I don't know where to begin with this, the ${1 \over {{x^2}}}$ part of the function throws me off, how to do I go about this? How does one generally approach a question like this?

Answer 1

It is indeed an interesting function. You can try finding a lot of points: select a range of $x$ values, and evaluate $$f(x) = \dfrac{\ln x}{x^2}$$ for each x. Given enough data points, plotting them as you go along, you can try to "connect the dots" to see what you get.

You can also check for asymptotes, critical values, if any (differentiate!!) to find any extrema, if they exist, etc: that information will help reveal if and where the function peaks and/or bottoms out, where it is increasing, decreasing, etc.

For example, if we take the limit of $f(x)$ as $x\to +\infty$, $x \to 0^+$, e.g., and we will see some interesting things.

Computing the derivative gives us $$f'(x) = \frac{1-2\ln x}{x^3}$$ So the derivative $f'(x) = 0$ at $x=e^{1/2}$, is positive for $x\lt e^{1/2}$ (hence increasing) and is negative, hence decreasing, when $x\gt e^{1/2}$.

Maximum: $x=e^{1/2}$.

You can also "take a peak" to see what you're trying to approximate: [Disclaimer Wolfram Alpha's graph is taking, I assume, $\ln x$ in the numerator to be $\ln|x|$, in which case you'd have a symmetrical graph (the left portion mirroring the right-hand portion).

Answer 2

The function is only defined for positive $x$. For $0<x\lt 1$, $\ln x$ is negative, large negative near $x=0$. Dividing by $x^2$ makes things much larger negative.

For $x$ large positive, the $x^2$ at the bottom crushes puny $\ln x$. So for $x$ large, our function is positive but close to $0$.
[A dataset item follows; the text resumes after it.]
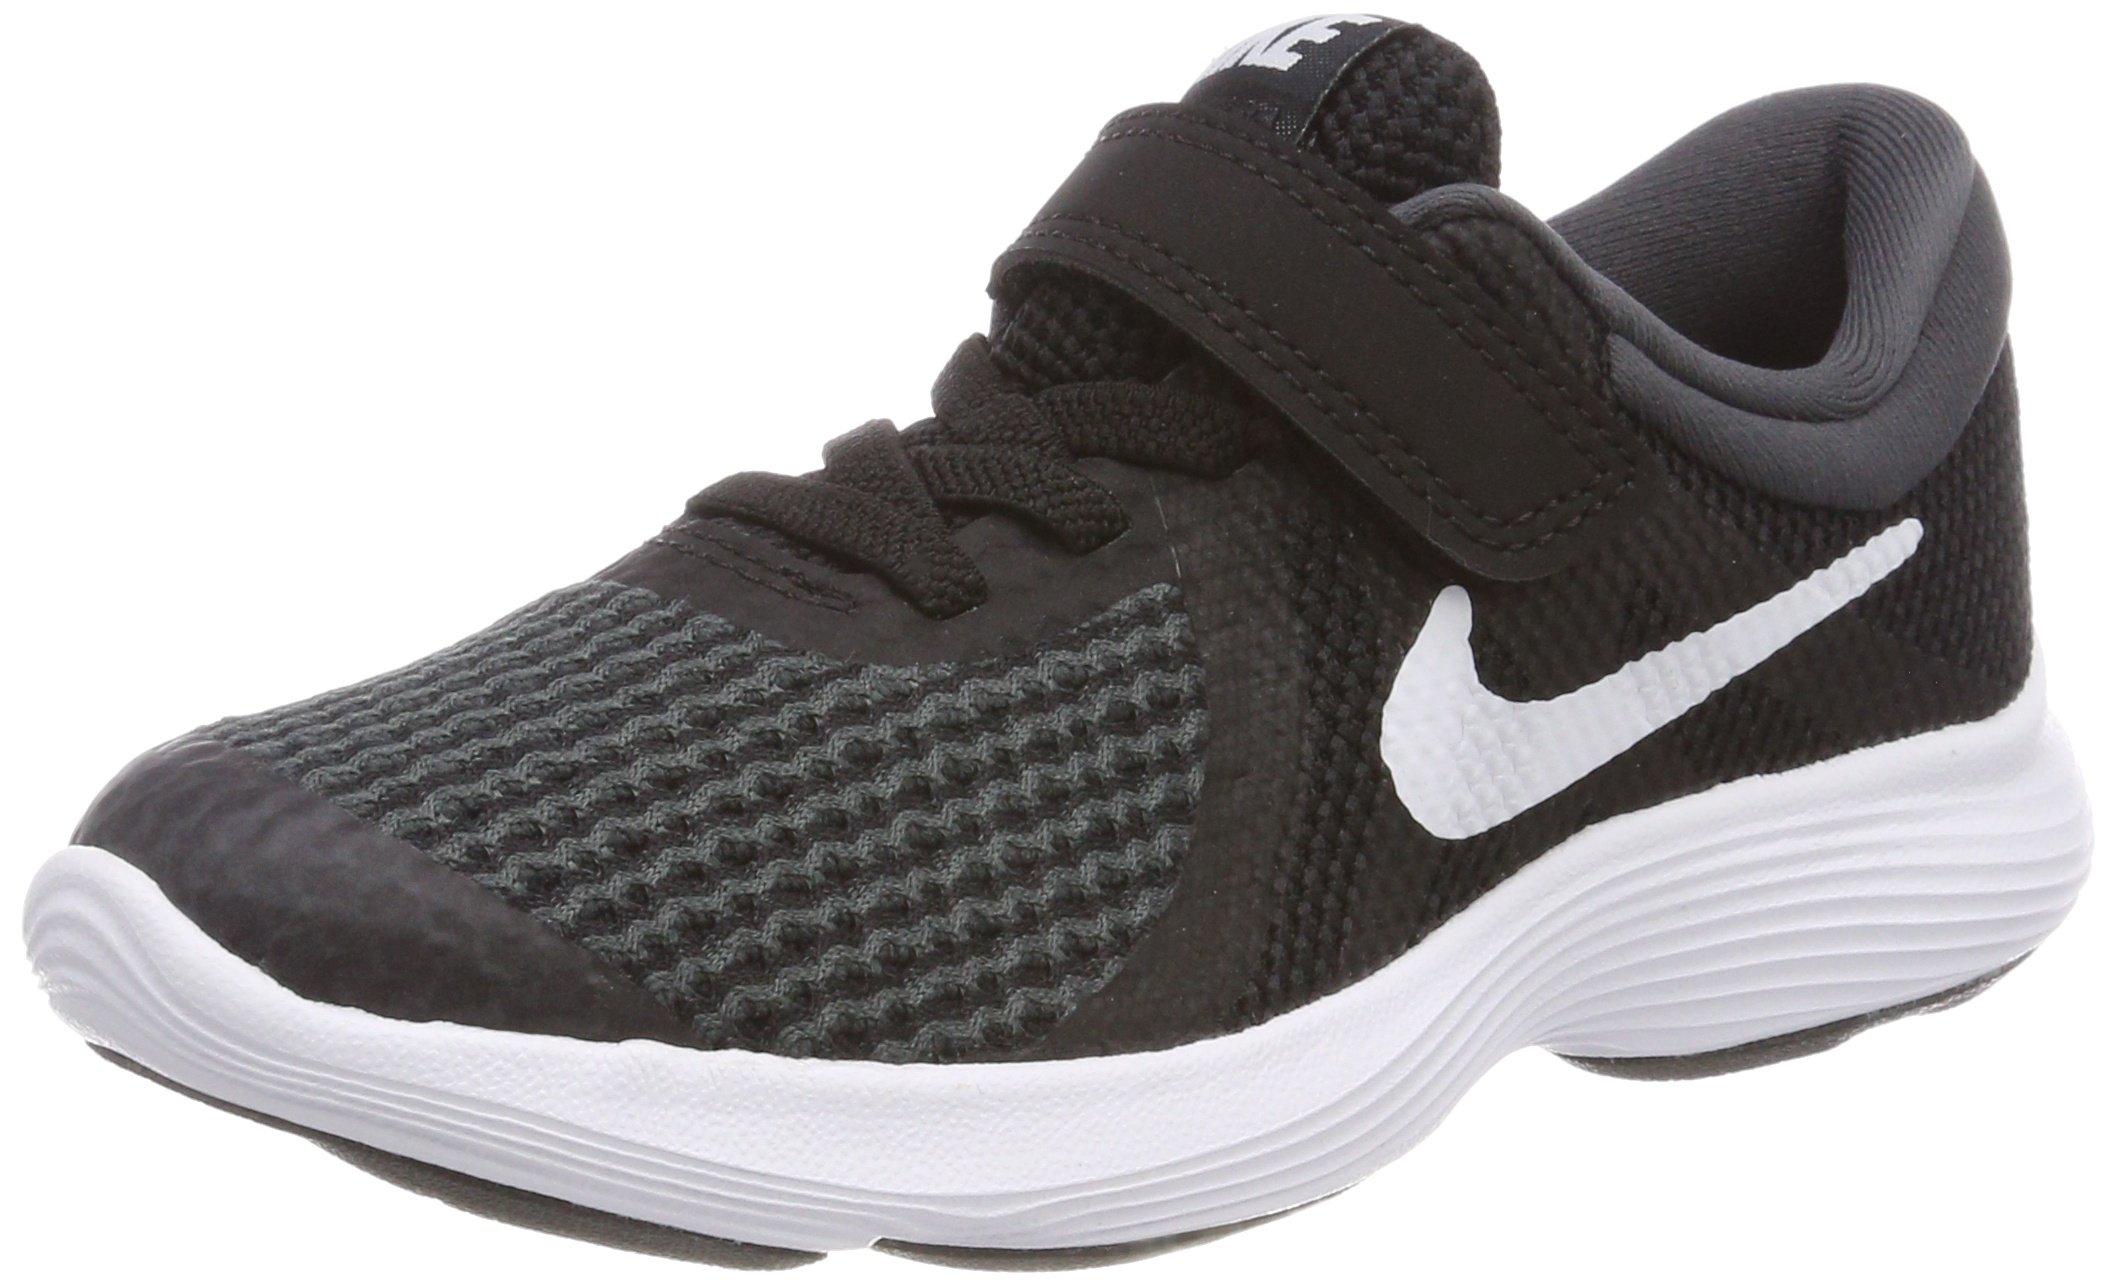 Nike Boys' Revolution 4 (PSV) Running Shoe, Black/White-Anthracite, 11C Youth US Little Kid by Nike
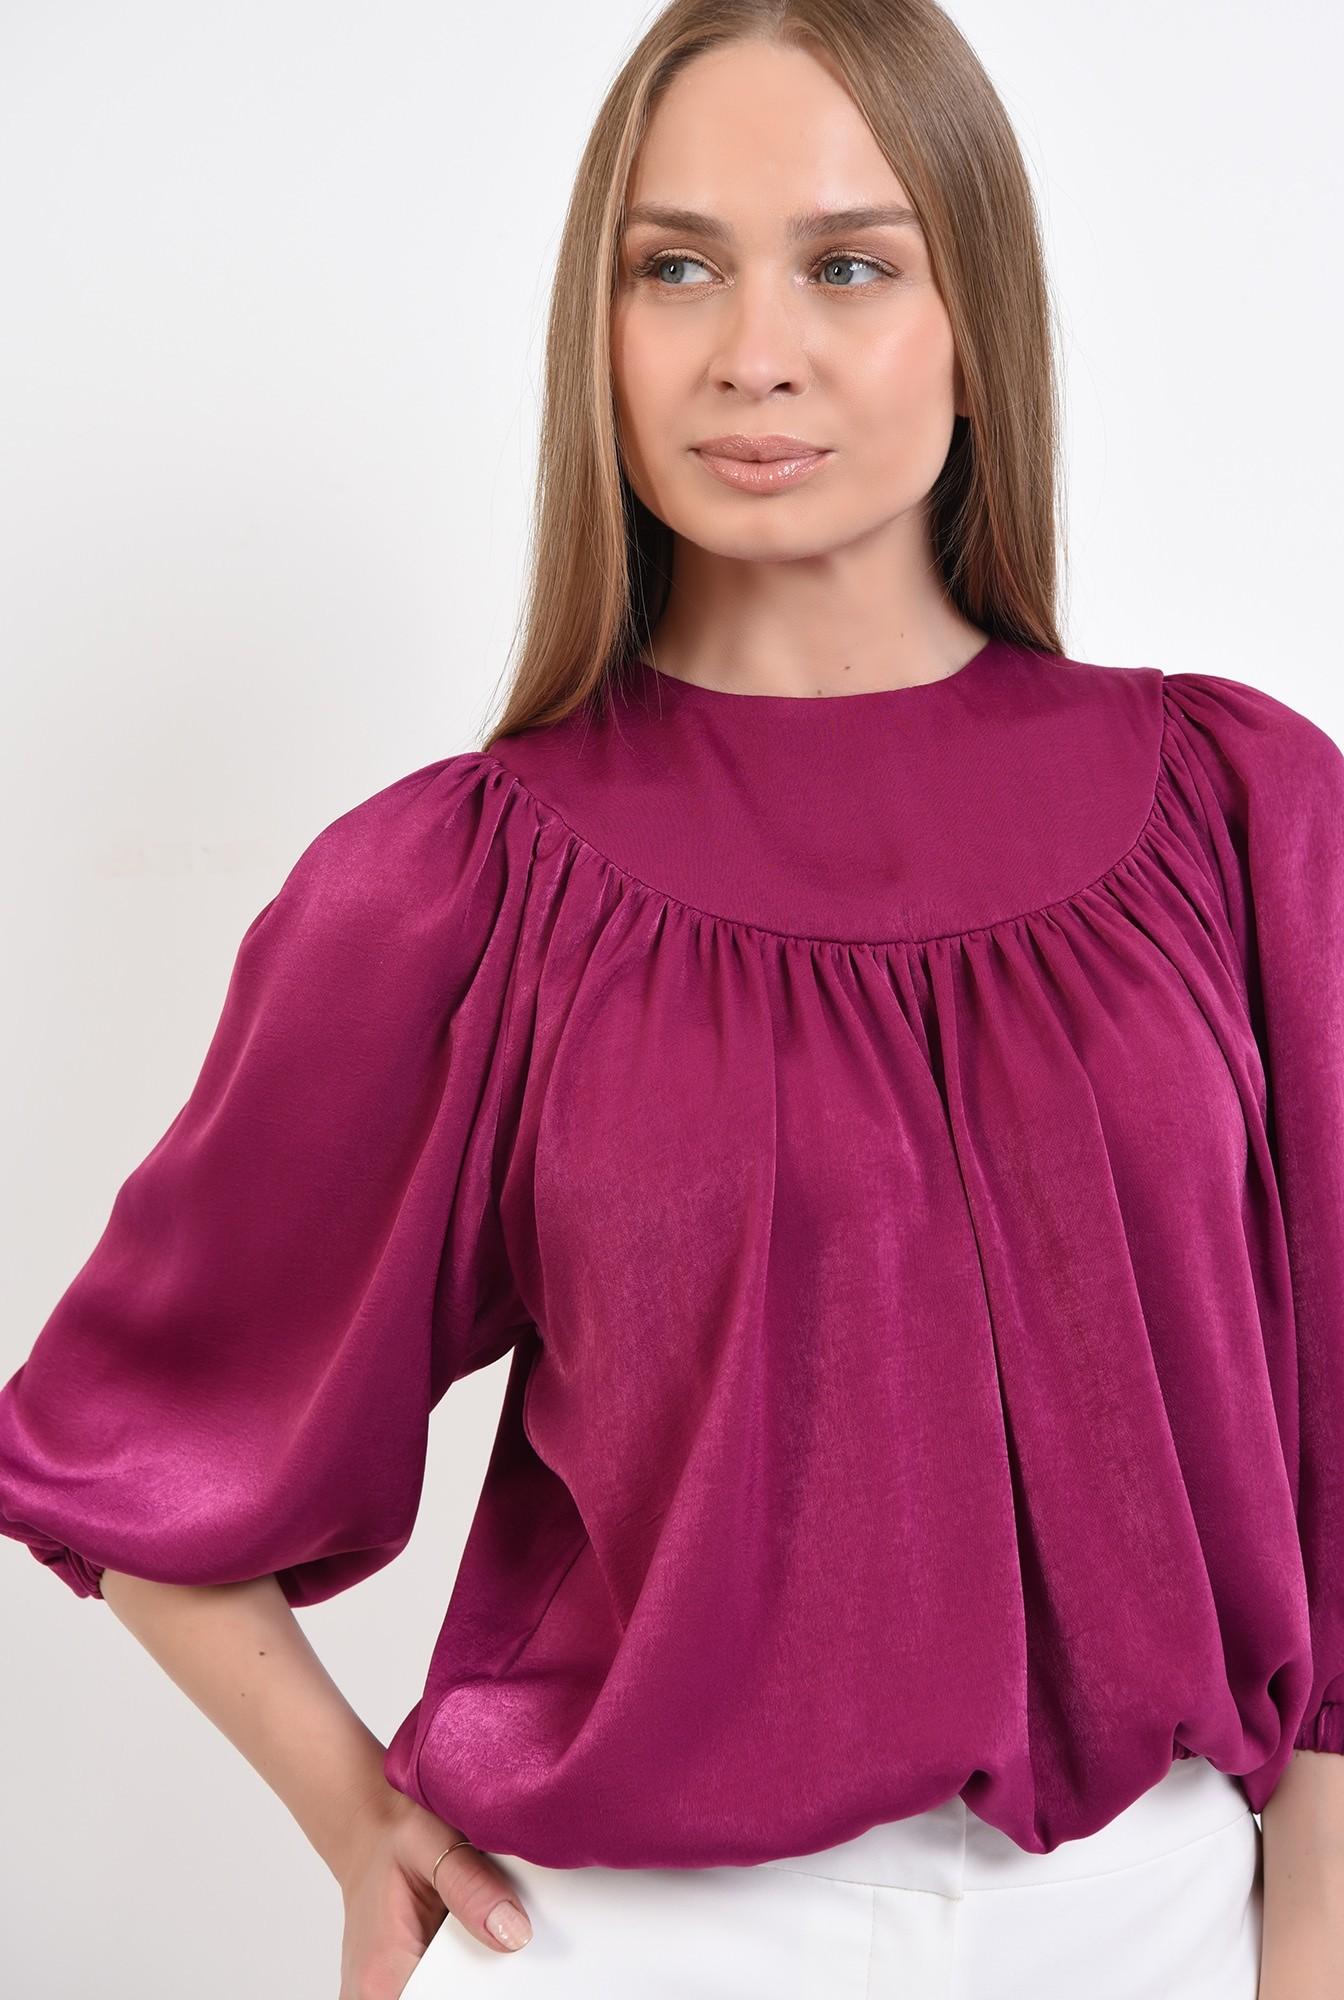 2 - 360 - bluza eleganta, din satin, cu platca, maneci bufante

We might note that $\frac{\ln x}{x^2}$ is $0$ at $x=1$, and positive for $x\gt 1$.

For more detail, we compute the derivative. This is $\frac{1-2\ln x}{x^3}$. Thus the derivative is $0$ at $x=e^{1/2}$, positive for $x\lt e^{1/2}$, and negative for $x\gt e^{1/2}$.

So our function reaches a maximum at $x=e^{1/2}$. The maximum value is $\frac{1}{2e}$.

Now we have enough information to draw a pretty good sketch. For fine detail about concavity, one can look at the second derivative. If you do that calculation, you will find that the curve is facing down up to $x=e^{5/6}$, and then facing up. This does not add much in the way of useful information in this case. However, an exam question might ask about concavity, since it is not too hard to deal with in this example.

Answer 3

If you aren't supposed to be using a calculator/comptuer: plug in lots of values of $x$ for which you'll be able to easily approximate the value of $f(x)$, plot the resulting points $(x,f(x))$, and connect them with a reasonable-looking curve.

For example, for the function $f(x)=\frac{1}{x^2}\ln(x)$, we'll want to plug in values of $x$ for which we know the approximate value of $\ln(x)$. Some such $x$'s are powers of $e$. For example, let's say that $e\approx 2.7$. Then we can approximate $$f(2.7)=\frac{1}{(2.7)^2}\ln(2.7)\approx \frac{1}{(2.7)^2}\cdot 1=\frac{1}{7.29}$$

If you are allowed to use a calculator/comptuer, just tell it to do it :)

Entering this code in Mathematica

Plot[(1/x^2) Log[x], {x, 0, 5}, PlotRange -> {-1, 1}]

produces

Answer 4

$x^{-2}>1$ when $|x|<1$ and if you know the graph of $lnx$ then the guessing part should go easy. $lnx$ goes off to $-\infty$ as $x$ approaches $0$. Because of $x^{-2}$ in that region, it will shoot off to $-\infty$ at a quicker rate. Whereas for $x>1$ region, it should be noted that $x^{-2}$ has a growth rate larger than $lnx$ and hence $x^{-2}$ would manage to calm $lnx$ down. This knowledge coupled with the knowledge of maxima should be enough to give a good estimate for all $x>0$.